Recent research indicates that mesenchymal stem cells obtained from full-term umbilical cord blood can potentially be used to repair tissue and develop bone and cartilage. As a result, patients can recover faster, thus preventing kidney complications arising from tissue damage. These findings bring new hope to those who suffer from acute kidney failure, a life threatening condition. Acute renal failure occurs when the kidneys are unable to get rid of waste and urine. Researchers in Italy treated mice with acute renal failure using cord blood mesenchymal stem cells and observed improved kidney functions.
These preliminary findings show that cord blood stem cell research offers great potential in the treatment of acute kidney failure. However, more research is required to determine if humans would benefit from mesenchymal stem cells. Lupus is a disease that affects more than 1.5 million Americans. It is an inflammatory disease that affects the skin, joints and kidneys.

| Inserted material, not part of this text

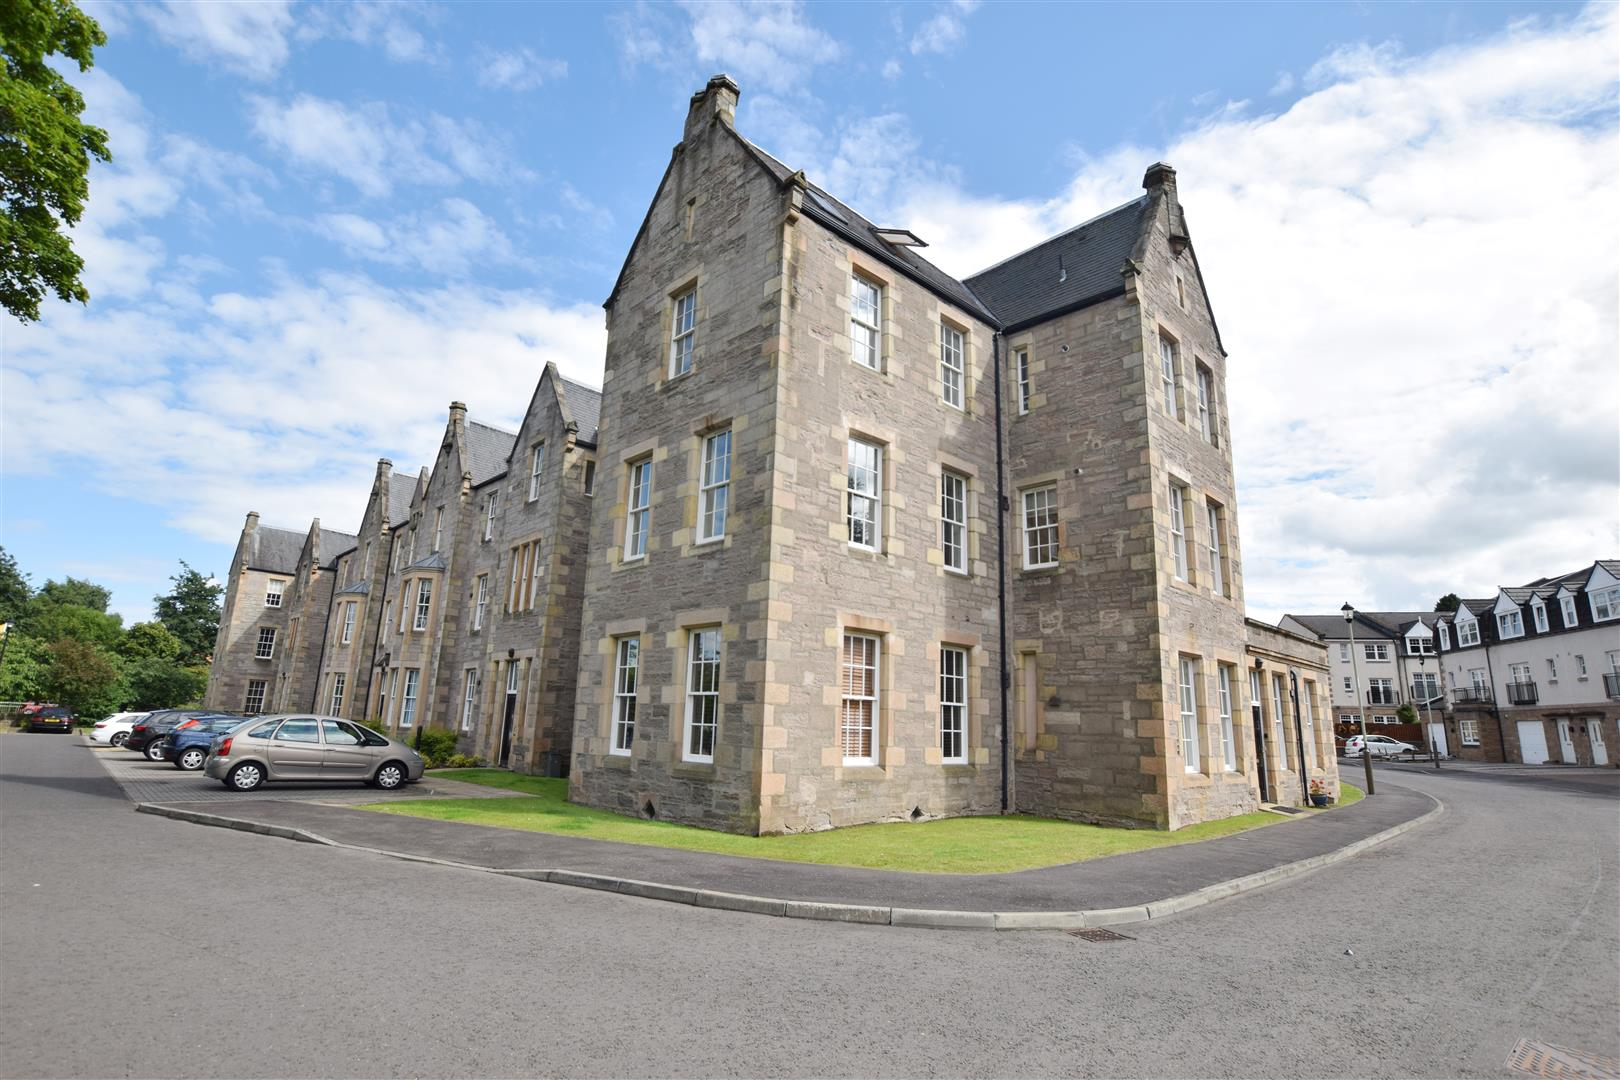 20, Rosslyn House, Glasgow Road, Perth, Perthshire, PH2 0GX, UK

Lupus can be life threatening when it attacks major organs such as the kidneys. Stem cell transplant is used to treat patients with severe lupus. In a study of 50 patients who underwent stem cell transplant at Northwestern Hospital in Chicago, 50 percent were free from the disease after five years. The overall survival rate is 84%. Stem cell transplantation offers a ray of hope to lupus sufferers who have failed conventional treatments.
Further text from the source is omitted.